一対の板面10a,10bのうち、少なくとも一方の板面10aは、板面10aの一部(コーナ部等)が切削加工時に図示しない被削材と対向する。
【0030】
一対の板面10a,10bのうち、少なくとも一方の板面10aには、すくい面5が配置される。すくい面5は、板面10aの少なくとも一部を構成する。本実施形態ではすくい面5が、板面10aの周縁部に位置する4つのコーナ部のうち、少なくとも2つのコーナ部にそれぞれ配置される。上記2つのコーナ部は、中心軸Cを中心として互いに180°回転対称となる位置に配置される。
【0031】
図2に示すように、すくい面5は、ランド部5aと、傾斜部5bと、を有する。
ランド部5aは、すくい面5のうち、切れ刃3と接続される部分である。ランド部5aは、切れ刃3の径方向内側に配置される。本実施形態ではランド部5aが、切れ刃3から径方向内側へ向かうに従い軸方向他方側(下側)に向けて傾斜する傾斜面である。なおランド部5aは、中心軸Cと垂直な方向に拡がる平面状でもよい。
【0032】
傾斜部5bは、すくい面5のうち、ランド部5aよりも径方向内側に位置する部分である。傾斜部5bは、ランド部5aの径方向内端部と接続される。傾斜部5bは、ランド部5aから径方向内側へ向かうに従い軸方向他方側(下側)に向けて傾斜する傾斜面である。傾斜部5bの径方向に沿う単位長さあたりの軸方向へ向けた変位量は、ランド部5aの前記変位量よりも大きい。すなわち、中心軸Cと垂直な図示しない仮想平面に対する傾斜部5bの傾きは、前記仮想平面に対するランド部5aの傾きよりも大きい。
【0033】
図1に示すように、外周面10cは、一対の板面10a,10bと接続され、径方向外側を向く。外周面10cは、軸方向の両端部が一対の板面10a,10bと接続される。具体的に、外周面10cのうち軸方向一方側の端部は、一方の板面10aと接続される。外周面10cのうち軸方向他方側の端部は、他方の板面10bと接続される。外周面10cは、切削工具10の周方向全域にわたって延びる。
【0034】
外周面10cには、逃げ面6が配置される。すなわち切削工具10は、逃げ面6を有する。逃げ面6は、外周面10cの少なくとも一部を構成する。逃げ面6は、外周面10cのうち各すくい面5と隣接する部分にそれぞれ配置される。逃げ面6は、切れ刃3と隣り合って配置される。
【0035】
貫通孔10dは、切削工具10を軸方向に貫通する。貫通孔10dは、一対の板面10a,10bに開口し、軸方向に延びる。貫通孔10dの中心軸は、中心軸Cと同軸に配置される。図示の例では、貫通孔10dが円孔状である。貫通孔10dには、例えば、図示しないクランプ駒の突起やクランプネジ等の締結部材が挿入される。締結部材は、切削工具10を図示しないホルダのインサート取付座に着脱可能に固定する。
【0036】
切れ刃3は、すくい面5と逃げ面6とが接続される稜線部、つまりすくい面5と逃げ面6との交差稜線部に配置される。
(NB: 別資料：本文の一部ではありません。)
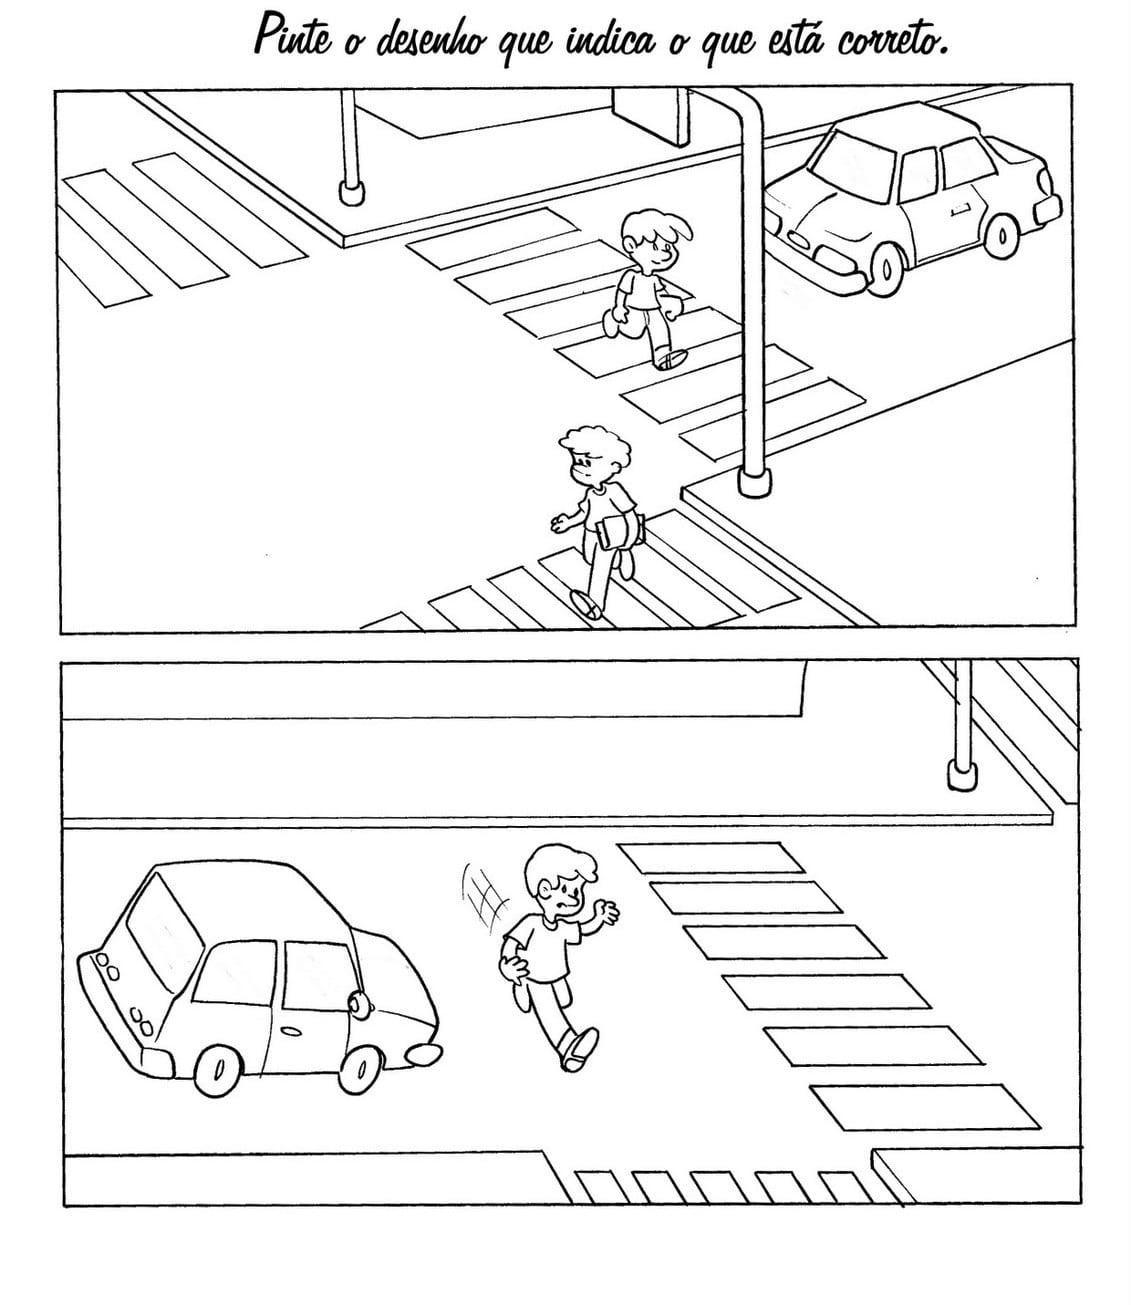 Desenhos Para Imprimir, Colorir E Pintar Do Dia Do Trânsito

本実施形態では切れ刃3が、板面10aの周縁部に位置する4つのコーナ部のうち、少なくとも2つのコーナ部にそれぞれ配置される。図2に示すように、本実施形態では切れ刃3が、丸ホーニングを有する。なお切れ刃3は、チャンファホーニング等の他のホーニング形状を有していてもよい。また切れ刃3が、ホーニング形状を有していなくてもよい。
【0037】
図1に示すように、切れ刃3は、コーナ刃部3aと、一対の直線刃部3bと、を有する。コーナ刃部3aは、径方向外側に向けて突出する凸曲線状である。直線刃部3bは、直線状であり、コーナ刃部3aと接続される。本実施形態では、コーナ刃部3aの刃長方向の両端部に、一対の直線刃部3bが接続される。なお刃長方向とは、切れ刃3が延びる方向であり、具体的には切れ刃3の各刃部3a,3bが延びる方向である。コーナ刃部3a及び一対の直線刃部3bは、軸方向から見て、全体として略V字状である。
【0038】
図2に示すように、切れ刃3は、工具基体1の稜線部(交差稜線部)と、硬質被膜2のうち前記稜線部にコーティングされる部分と、により構成される。
【0039】
工具基体1は、上述した切削工具10の形状と同じ形状を有する。本実施形態では工具基体1が、WC基の超硬合金製である。
後述するウォームレーザピーニング工程を経ることにより、工具基体1のうち切れ刃3及びすくい面5が配置される部分(以下、刃先部と呼ぶ)の表層1aには、圧縮残留応力が付与される。工具基体1のうち刃先部の表層1aにおける残留応力は、例えば-1GPa以下であり、好ましくは-1.5GPa以下である(マイナスが圧縮側)。本実施形態でいう上記「表層1a」とは、工具基体1のうち、工具基体1の表面(硬質被膜2との界面)から少なくとも深さ1μmの表層部分を指す。なお、上記残留応力は、WC粒子の残留応力等と言い換えてもよい。工具基体1の上記以外の構成については、別途後述する。
【0040】
硬質被膜2は、化学蒸着法(CVD法)または物理蒸着法(PVD法)により、工具基体1の表面(外面)上に成膜される。硬質被膜2は、工具基体1の表面のうち、少なくとも切れ刃3及びすくい面5を含む領域に配置される。本実施形態では硬質被膜2が、少なくとも切れ刃3、すくい面5及び逃げ面6に配置される。なお硬質被膜2は、工具基体1の表面全体に成膜されていてもよい。
【0041】
硬質被膜2は、酸化物、炭化物、窒化物、炭窒化物及び硼化物の少なくとも1つを含んで構成されている。硬質被膜2の全体としての膜厚は、例えば1μm以上25μm以下である。硬質被膜2は、単層または複数層で構成される。硬質被膜2が単層の場合、この単層が第1層とされる。硬質被膜2が複数層の場合、複数の層の中で最も厚さ(膜厚)が厚い層が、第1層とされる。すなわち、硬質被膜2は、少なくとも第1層を有する。第1層は、例えばTiCN層等である。
【0042】
特に図示しないが、硬質被膜2を複数層により構成する場合、硬質被膜2は、第1層の表面に配置される第2層を有する。また硬質被膜2は、第2層の表面に配置される第3層を有していてもよい。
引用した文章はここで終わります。